Expanded tensor shape: torch.Size([5, 3])


### 16. **Observation: Calculating Basic Statistics on Tensors**
   - PyTorch allows you to calculate basic statistics (mean, std, max, etc.) directly on tensors.
   - **Demonstration**:


In [31]:
tensor = torch.rand(10)

print("Mean:", tensor.mean())
print("Standard deviation:", tensor.std())
print("Max value:", tensor.max())
print("Min value:", tensor.min())


Mean: tensor(0.5568)
Standard deviation: tensor(0.3316)
Max value: tensor(0.9480)
Min value: tensor(0.0205)


### 17. **Observation: Normalizing Tensors**
   - Normalization ensures that the data is scaled to a specific range, often between 0 and 1 or with zero mean and unit variance.
   - **Demonstration**:


In [32]:
# Normalize tensor to have values between 0 and 1
tensor = torch.rand(5, 5)
min_val = tensor.min()
max_val = tensor.max()

normalized_tensor = (tensor - min_val) / (max_val - min_val)
print("Original tensor:\n", tensor)
print("Normalized tensor:\n", normalized_tensor)


Original tensor:
 tensor([[0.7233, 0.6234, 0.0753, 0.9029, 0.7256],
        [0.1539, 0.4359, 0.1715, 0.9640, 0.0454],
        [0.6139, 0.7571, 0.8677, 0.0027, 0.6088],
        [0.3461, 0.4988, 0.0255, 0.4740, 0.4436],
        [0.8906, 0.6684, 0.2413, 0.3218, 0.5840]])
Normalized tensor:
 tensor([[0.7496, 0.6457, 0.0755, 0.9365, 0.7520],
        [0.1573, 0.4506, 0.1756, 1.0000, 0.0444],
        [0.6358, 0.7848, 0.8998, 0.0000, 0.6305],
        [0.3572, 0.5160, 0.0237, 0.4902, 0.4586],
        [0.9236, 0.6925, 0.2482, 0.3319, 0.6047]])

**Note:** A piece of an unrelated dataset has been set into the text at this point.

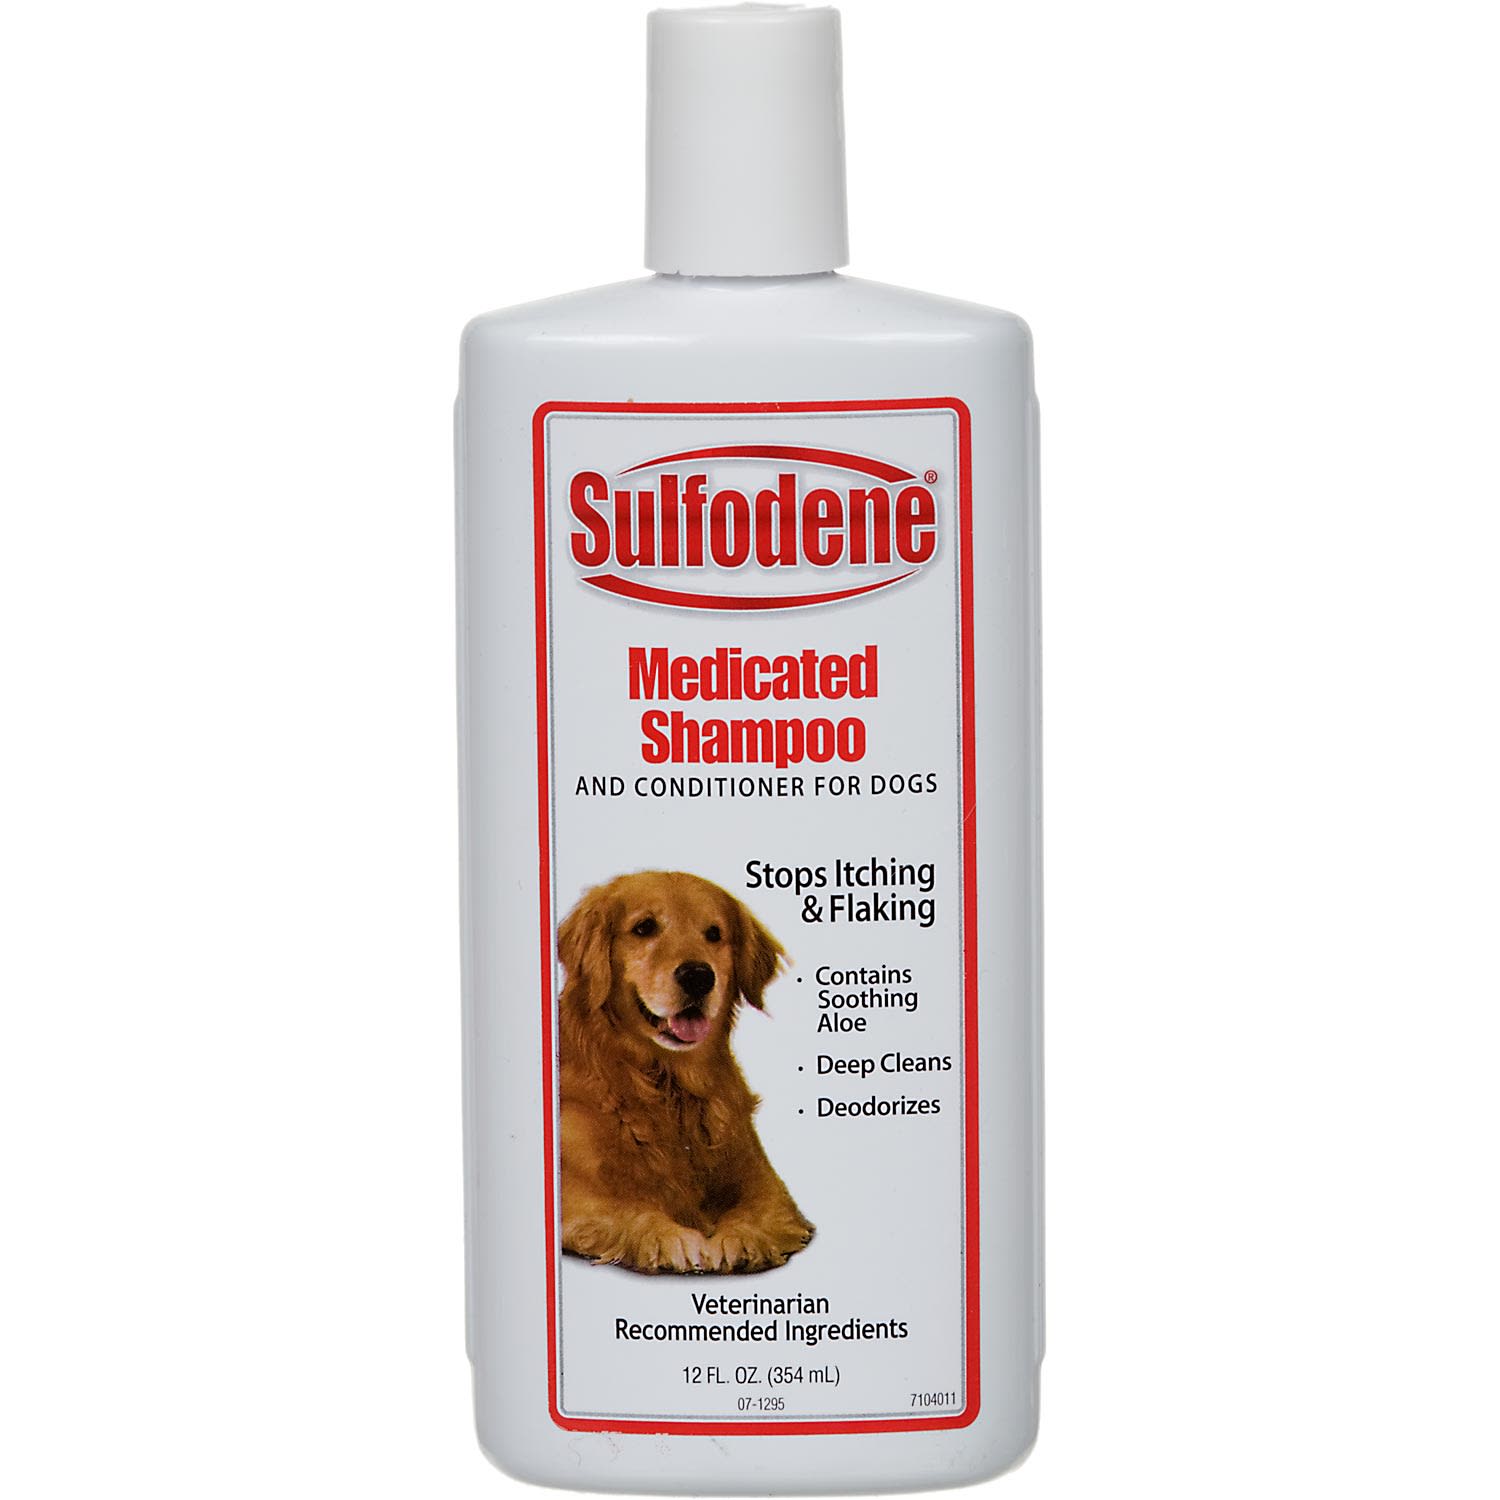 sulfodene dog shampoo

### 18. **Observation: Element-Wise Multiplication of Tensors**
   - PyTorch supports element-wise operations such as multiplication, where corresponding elements in two tensors are multiplied.
   - **Demonstration**:


In [33]:
tensor1 = torch.rand(3, 3)
tensor2 = torch.rand(3, 3)

elementwise_product = tensor1 * tensor2  # Element-wise multiplication
print("Element-wise multiplication result:\n", elementwise_product)


Element-wise multiplication result:
 tensor([[0.2287, 0.5928, 0.1999],
        [0.1619, 0.1881, 0.0052],
        [0.5981, 0.3062, 0.4026]])


### 19. **Observation: Cloning a Tensor**
   - The `.clone()` function creates a copy of the tensor, which is independent of the original tensor.
   - **Demonstration**:



In [34]:
tensor = torch.rand(2, 3)

tensor_clone = tensor.clone()  # Create a copy of the tensor
tensor_clone[0, 0] = 999  # Modify the clone without affecting the original

print("Original tensor:\n", tensor)
print("Cloned and modified tensor:\n", tensor_clone)


Original tensor:
 tensor([[0.7962, 0.7779, 0.0420],
        [0.3859, 0.3467, 0.4566]])
Cloned and modified tensor:
 tensor([[9.9900e+02, 7.7787e-01, 4.1979e-02],
        [3.8589e-01, 3.4673e-01, 4.5663e-01]])


### 20. **Observation: Moving Tensors Between Devices (CPU and GPU)**
   - Tensors can be moved between the CPU and GPU using `.to()` to utilize GPU acceleration when available.
   - **Demonstration**:


In [35]:
tensor = torch.rand(3, 3)

# Check if a GPU is available and move the tensor to GPU
if torch.cuda.is_available():
    tensor_gpu = tensor.to('cuda')
    print("Tensor moved to GPU:\n", tensor_gpu)
else:
    print("GPU not available, tensor remains on CPU.")


GPU not available, tensor remains on CPU.